Tuesday, April 19, 2011

Easter--Proclaiming Resurrection

As we think about the abundance of lectionary texts for this week, especially those for the Easter vigil and the festival services on Sunday, all of the texts point us to one thing: a proclamation of resurrection. Here is one form of that proclamation.

"The message of Jesus' resurrection is that this created world matters and that God has bridged the heavenly realm into this present world with healing life and all-conquering love...Resurrection is not about some comfortable afterlife, a great fairway in the sky, but about God having dealt with evil, and being now at work by God's own Spirit, to do for us and the whole world what God did for Jesus' body on that first Easter.

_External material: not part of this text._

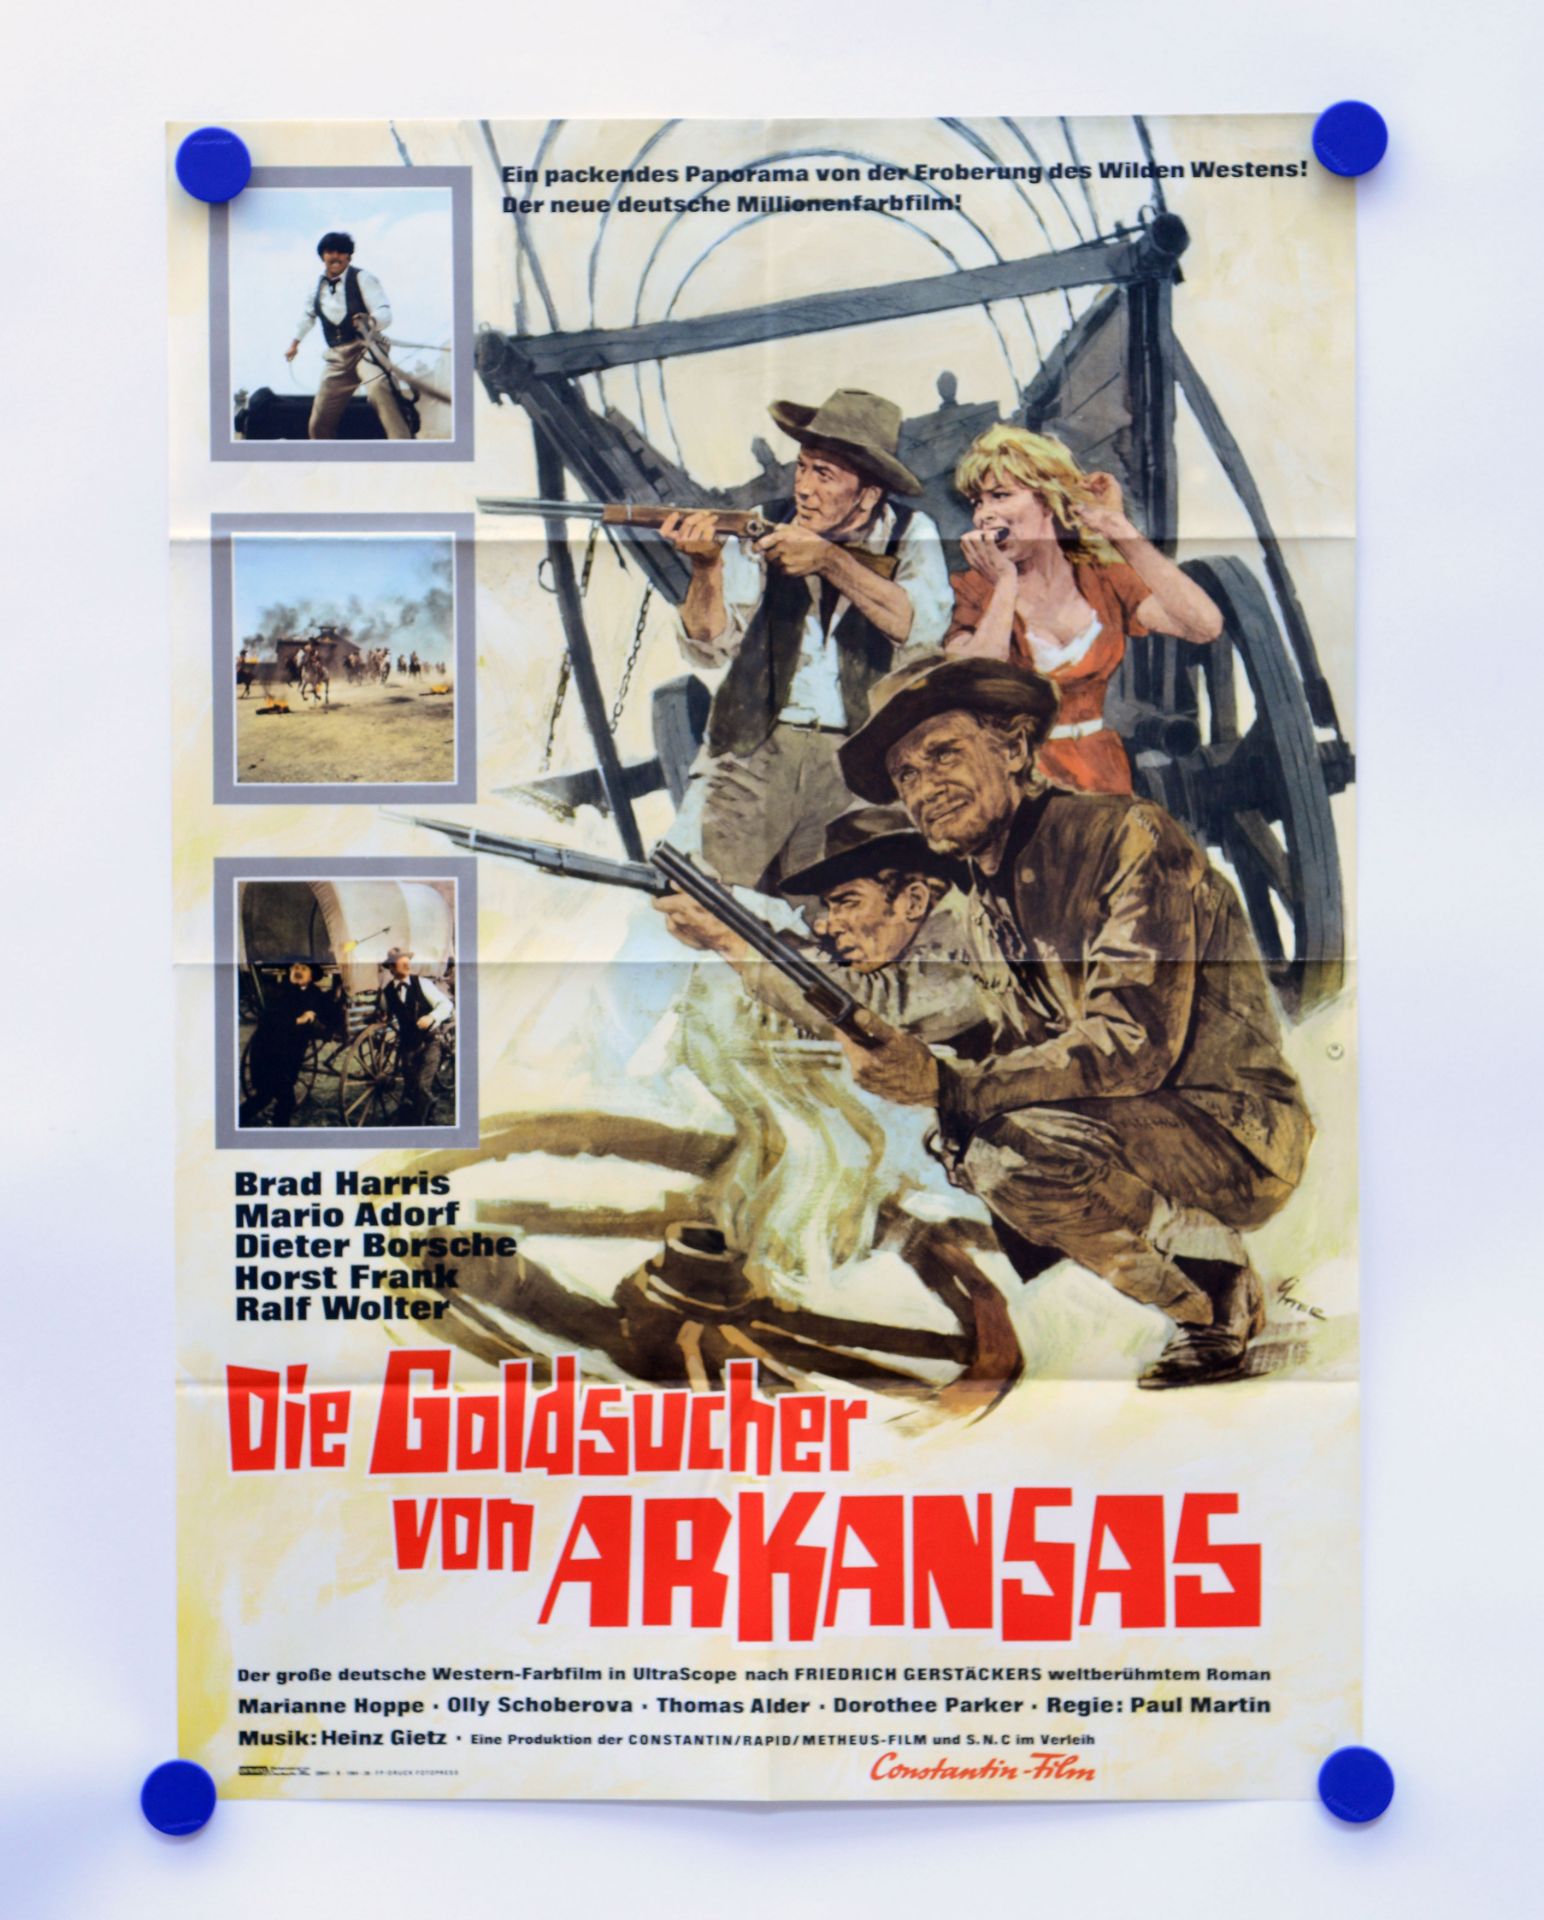 Film poster "Die Goldsucher von Arkansas", 58x82 cm, folded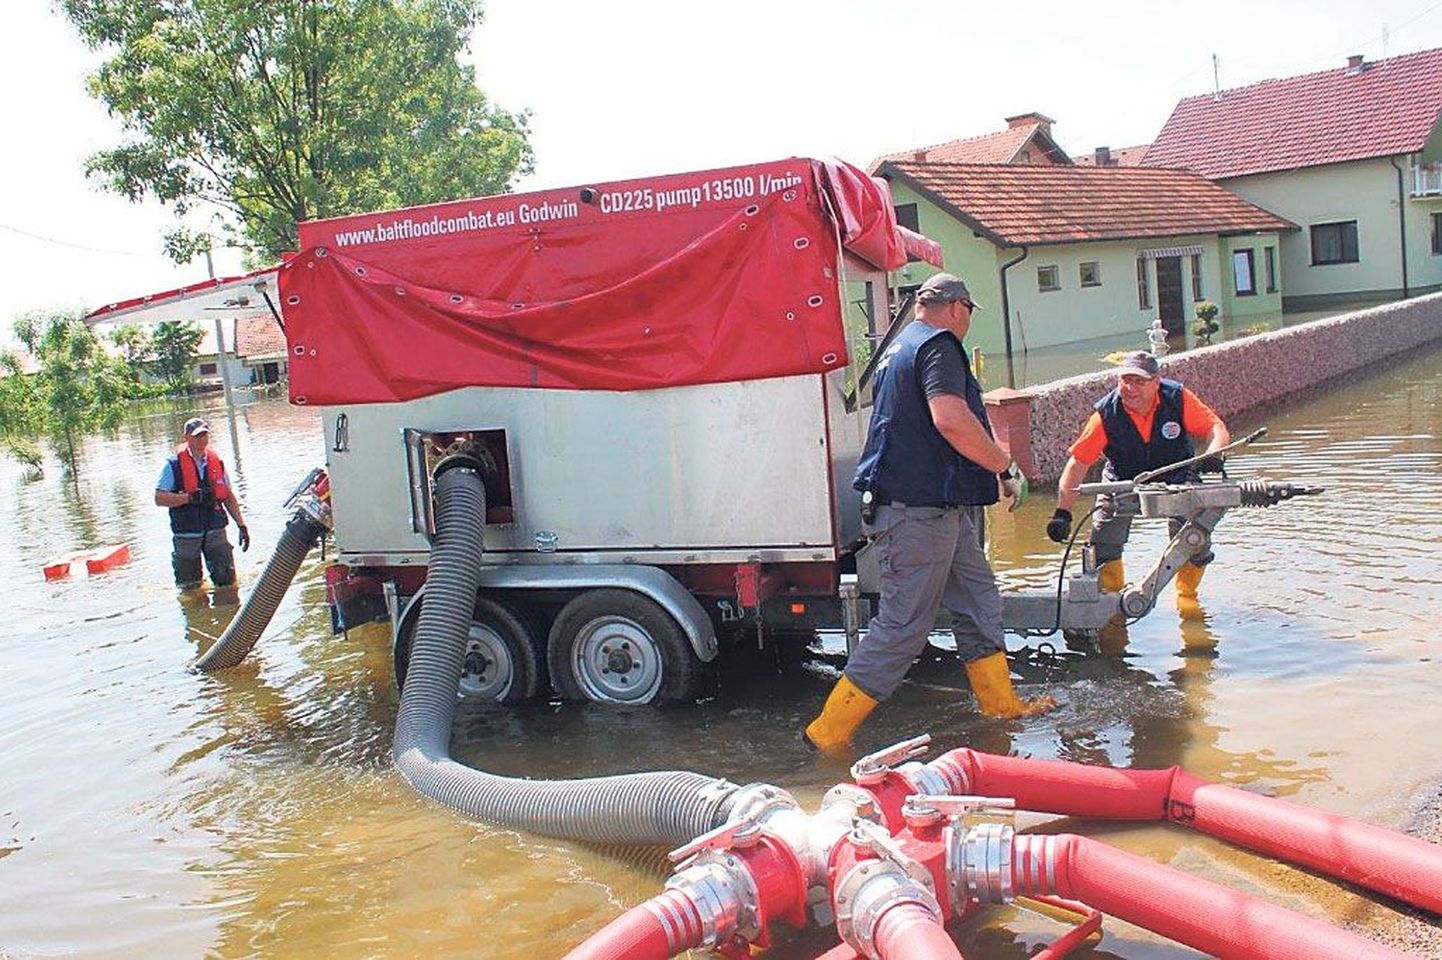 Eesti, Läti ja Leedu päästetöötajaid ühendava Balt-FloodCombati meeskond võitles Bosnias ja Hertsegoviinas paarkümmend päeva üle Sava jõe kallaste ajanud veega. Kokku pumbati jõesängi tagasi 500 000 tonni vett.

That is why we who celebrate do so with material things...We use bread and the fruit of the vine at the meal...We use candles and flowers and processions and banners and, above all, music; the world of creation has been reclaimed by the living God [and we] celebrate the fullness of life God gives us.

Christians believe in the bodily resurrection of Jesus, though...some are welcome not to believe it. But take that away, and Marx is probably right about Christian faith ignoring problems of the world. Take that away, and Freud is probably right that it is a wish-fulfillment religion. Take that away, and Nietzsche is probably right that Christianity is a religion for wimps. Put that back, and you have a faith that takes on the world today, with the Easter news that the foolishness of God is wiser than human wisdom, and the weakness of God is stronger than human strength.

So we who celebrate the resurrection of the Lord Jesus Christ have an awesome responsibility. When we say 'Alleluia! Christ is risen!' we are saying that Jesus is Lord of the world, and that the present would-be lords are not."

From Sara Webb Phillips, "Serving the Word" in Homily Service, 40.5 (April 2007): 53. Sara Webb Phillips  is pastor of Brookhaven United Methodist Church in Atlanta, Georgia, and former editor of Homily Service.